Every time a human cell divides, its entire genome of 3 × 109 base pairs must be copied. DNA replication is extremely accurate, but mistakes do occur, and sometimes the incorrect nucleotide is incorporated into the growing DNA sequence, giving rise to a mismatch. DNA is also susceptible to damage from cellular and external sources including chemical agents (such as those found in cigarette smoke), ionizing radiation and ultraviolet light. DNA damage must be kept in check in order for an organism to be viable, through DNA repair mechanisms. If mutations survive without being corrected, they can be passed down to future generations, change the function of proteins and cause cancer.
The 2015 Nobel Prize in Chemistry was awarded to Tomas Lindahl, Paul Modrich and Aziz Sancar for their work in elucidating the mechanism of DNA repair.
Mismatches in DNA bases
In normal double-stranded DNA, A pairs with T and G pairs with C. DNA replication enzymes make use of this Watson-Crick base pairing, so that each of the single strands within a DNA duplex acts as a template for the synthesis of a new strand of DNA. However, the degree of selectivity achieved by the association of Watson-Crick base pairing is not sufficient to maintain genetic integrity, and it is estimated that, without external influences, base pairing would allow more than 1% incorporation of incorrect nucleotides during replication. This lack of fidelity is due to competition between the correct G·C/A·T base pairs and eight possible mismatches (or base mispairs): A·A, G·G, A·G, C·C, T·T, C·T, A·C and G·T. The first three of these mispairs (A·A, G·G and A·G) are purine-purine mismatches; the second three (C·C, T·T and C·T) are pyrimidine-pyrimidine mismatches; and the other two (A·C and G·T) are purine-pyrimidine mismatches.

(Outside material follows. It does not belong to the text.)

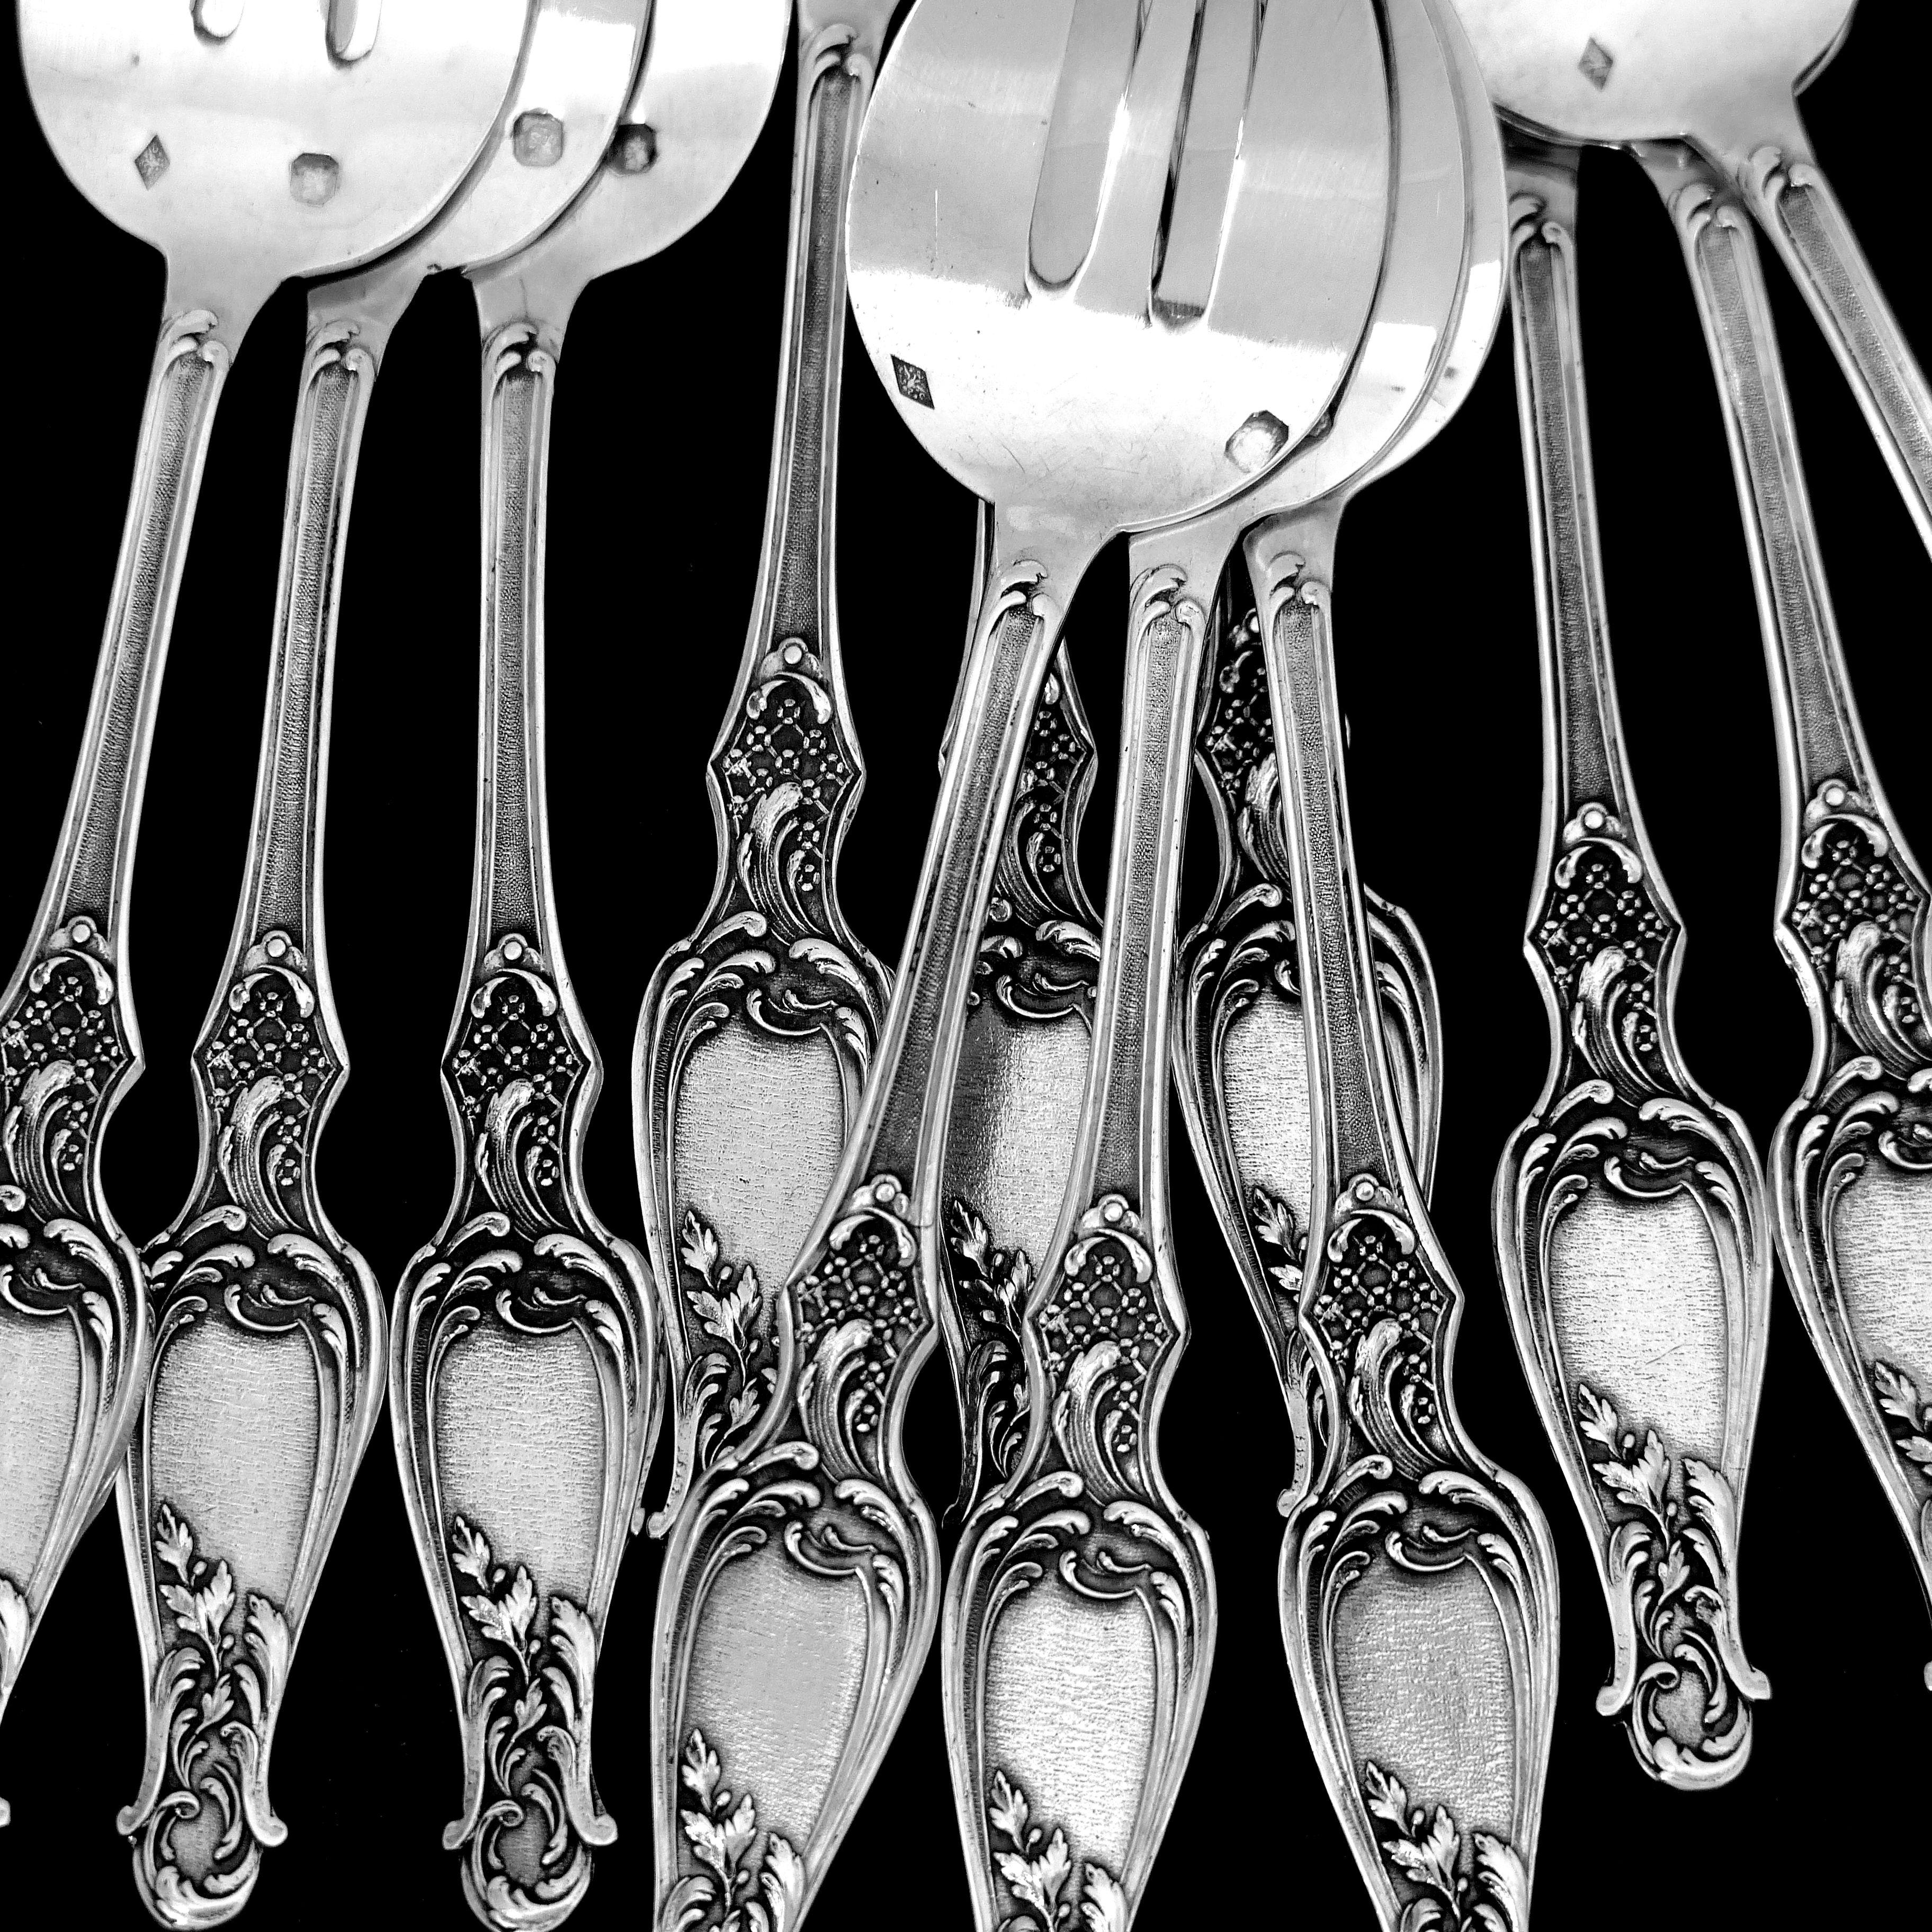 Early 20th Century Antique French All Sterling Silver Oyster Forks Set 12 Pc, Art Nouveau
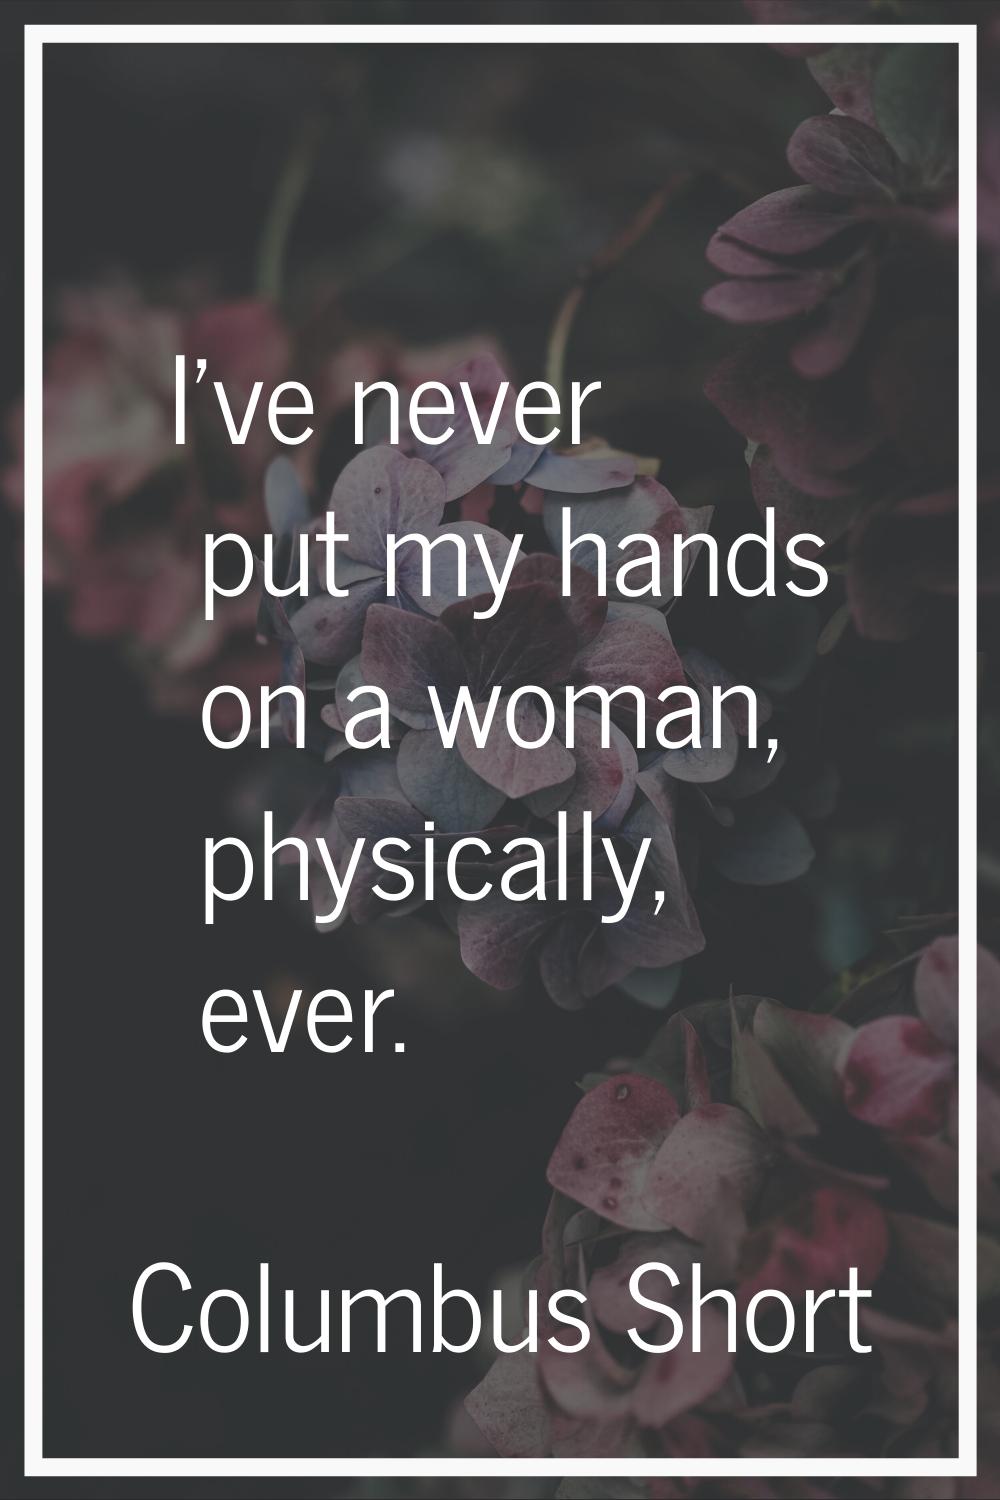 I've never put my hands on a woman, physically, ever.

Purine-purine and pyrimidine-pyrimidine mismatches give rise to transversion mutations and purine-pyrimidine mismatches produce transition mutations (Figure 1). DNA polymerases have inbuilt proofreading activity, enabling them to check for the incorporation of incorrect nucleotides, remove them, and insert the correct nucleotide. Even this, however, is not sufficient to prevent mismatch formation.
The G·T mismatch
The first mismatch to be characterized in duplex DNA (by NMR and X-ray crystallography) was the G·T mismatch. The G·T base pair adopts a wobble configuration of the type first proposed by Crick and Brenner to explain G·U mispairing at the third codon position during mRNA:tRNA codon:anticodon interactions (Figure 2).
The A·C mismatch
The A·C mismatch in DNA has a similar structure to the G·T mispair but it is not clear from X-ray analysis how such an association can produce two inter-base hydrogen bonds. It is rarely possible to determine the X-ray structure of a DNA duplex to a sufficiently high resolution to reveal the presence of hydrogen atoms, hence other techniques are used whenever there is ambiguity over the precise nature of the base pair.
For the A·C mismatch there are two possible arrangements that can produce a pairing with two hydrogen bonds: either the adenine base is protonated, or it exists in a rare imino tautomeric form (Figure 3).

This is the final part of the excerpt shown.